Timing is everything. I think the alternatives are there. The question, per the Hirsch Report, is did we start ramping them up soon enough?
True Poly,
A recent debate has been raging here in Sydney (Australia) about the problems of fresh water. Our dams are around 30% and falling. It is critical that we get new fresh water supplies since rainfall is less reliable. There are two proposed options:
1. Recycle sewage
2. Desalination.
Everything weighs toward recycling.
But, for the only point that matters, a desalination plant will be built.
The one point: public opinion on drinking someone else's toilet water.
The committee decided to go with the worst, desalination, option because there is no hope, without 10 years education, of getting the public to accept the other option. And the need is critical.
Now, when we get to nuclear power, a truly controversial issue. Just how long will it take to win the public over?
You forgot about water. France had to shut down reactors last summer because the intake water was too warm from excessive heat. They are ok in cold climates but much of the world population lives in hot areas with limited water resources.
It is a moot point anyways becusae you won't be able to build them fast enough to keep up with depletion.
No worries Mate,
We'll build a coal-fired power station right beside it to create electricity for a water-cooling facility.
Next problem to solve?
The answer to that is build them on the coast. That's where the Australian population is anyway.
(the seaside plants in France don't have to reduce power in summer, only the riverside ones)
They didn't generally need to shut down, it just decreased their output.
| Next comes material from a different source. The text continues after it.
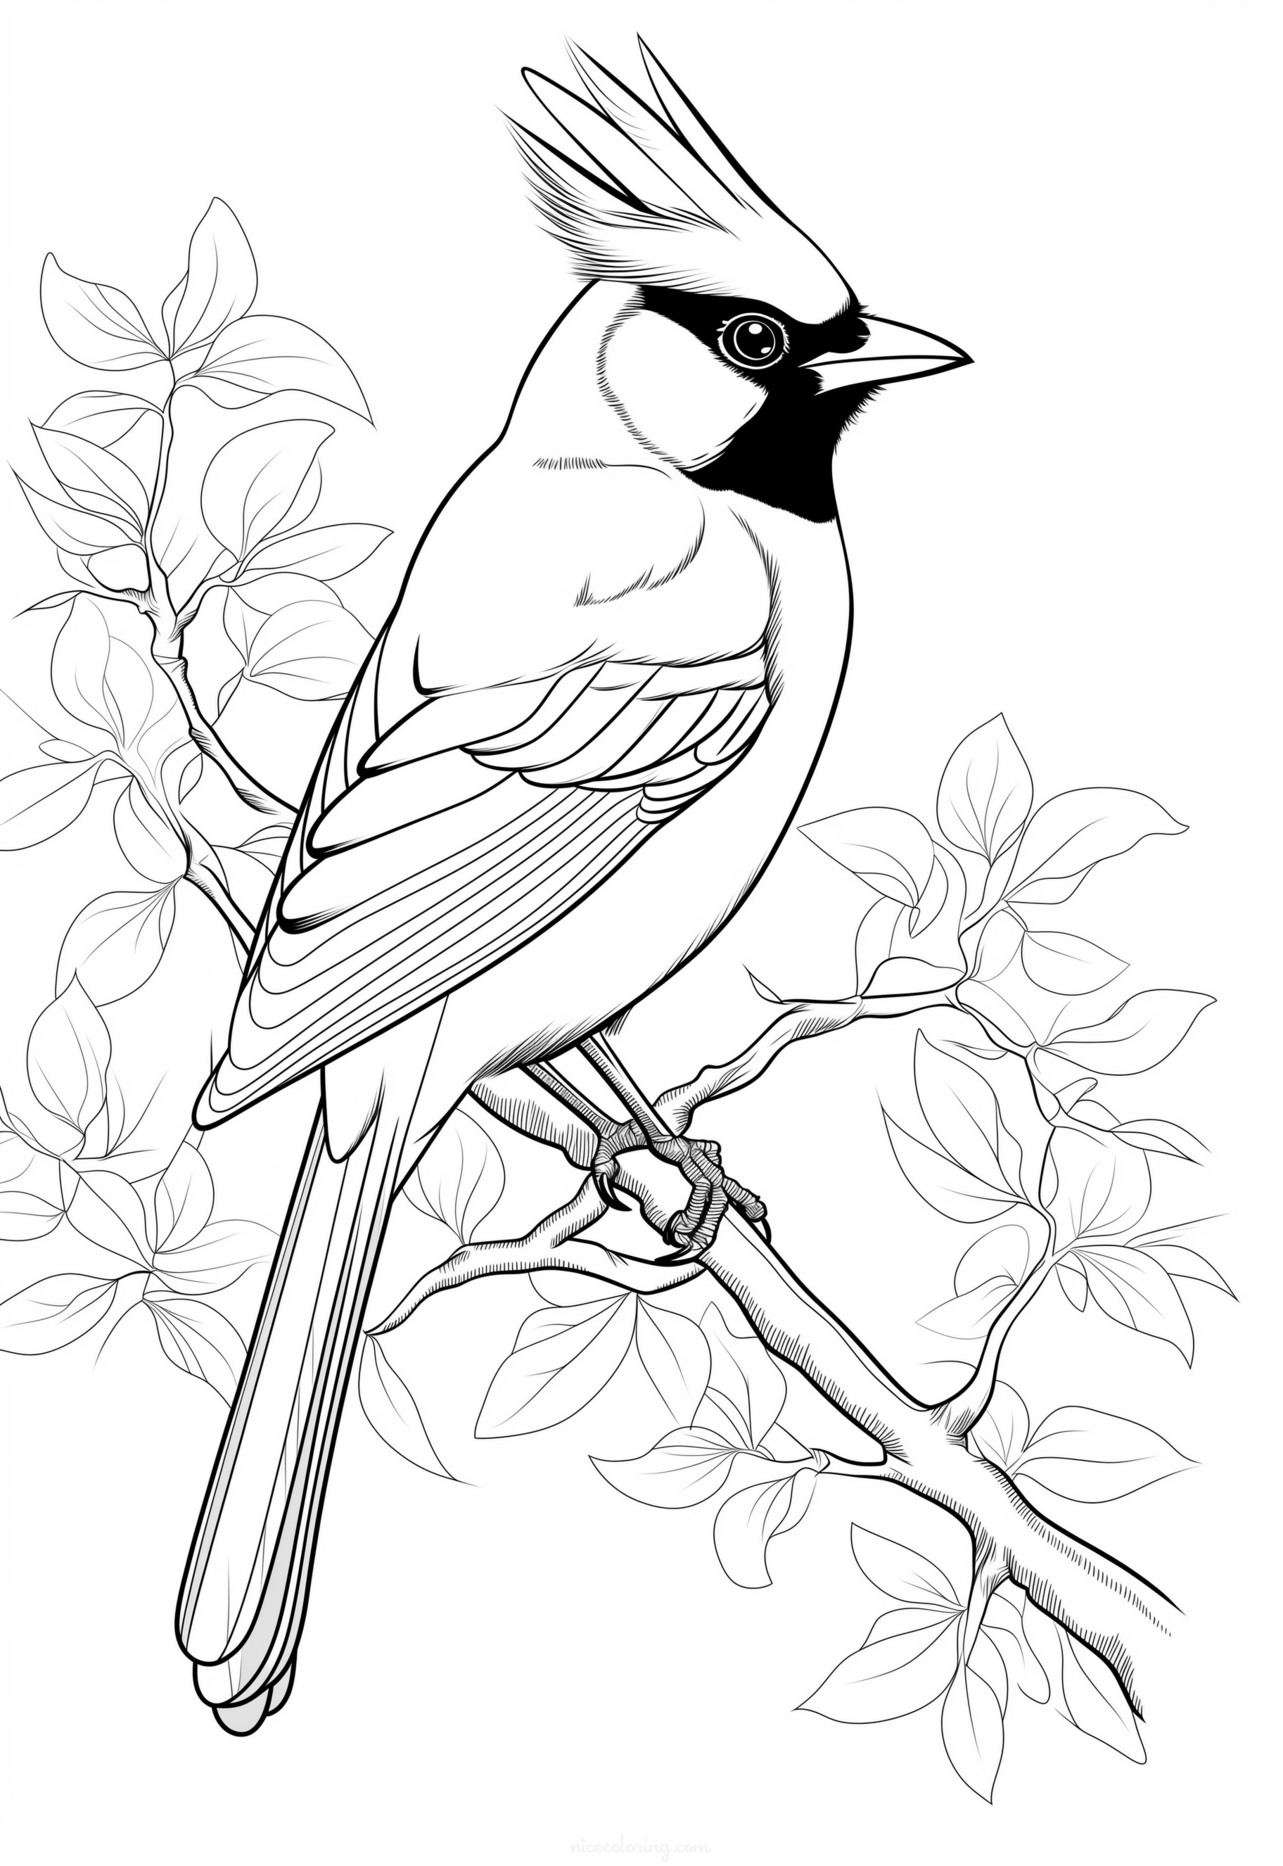 Birds perched on branches coloring page

The french shouldn't have gone quite so cheap on the cooling systems and then this wouldn't have happened, case closed.
The same thing would happen to any thermal plant (coal fired, for instance), and to a lesser degree to combined cycle natural gas, if you go cheap on the cooling systems.
The Union Of Concerned Scientists certainly do not seem to agree:
"New Report: Long Shutdowns Prove Nuclear Power More Dangerous and Expensive than Necessary
Neglect of Safety Costs Ratepayers, Stockholders $82 Billion"
http://www.ucsusa.org/news/press_release/new-report-long-shutdowns.html
"Nuclear Reprocessing: Dangerous, Dirty, and Expensive
Why Extracting Plutonium from Spent Nuclear Reactor Fuel Is a Bad Idea"
http://www.ucsusa.org/global_security/nuclear_terrorism/extracting-pluto...
At least some prominent Australians (such as Professor Stuart White, director of the Institute for Sustainable Futures at the University of Technology, Sydney) disagree with the positions put forth in the header article:
http://www.theage.com.au/news/opinion/more-threat-than-panacea/2006/10/0...
http://www.smh.com.au/news/Opinion/The-nuclear-power-option--expensive-i...
The Rocky Mountain Institute (Amory Lovins) doesn't care for it, not surprisingly:
http://www.rmi.org/sitepages/pid305.php
Of course members of Greenpeace have some good points:
http://onlinejournal.com/artman/publish/article_1802.shtml
Finally, read the EIA's own paper on the matter:
http://www.eia.doe.gov/cneaf/nuclear/page/nuclearenvissues.html
The articles are all worth reading, regardless of your position on the pros or cons of nuclear power.
They're an explicitly anti-nuclear orgasation...
Most of what you're posting is either irrelevant (nuclear reprocessing via PUREX process) or just hatchet job anti-nuclear activism.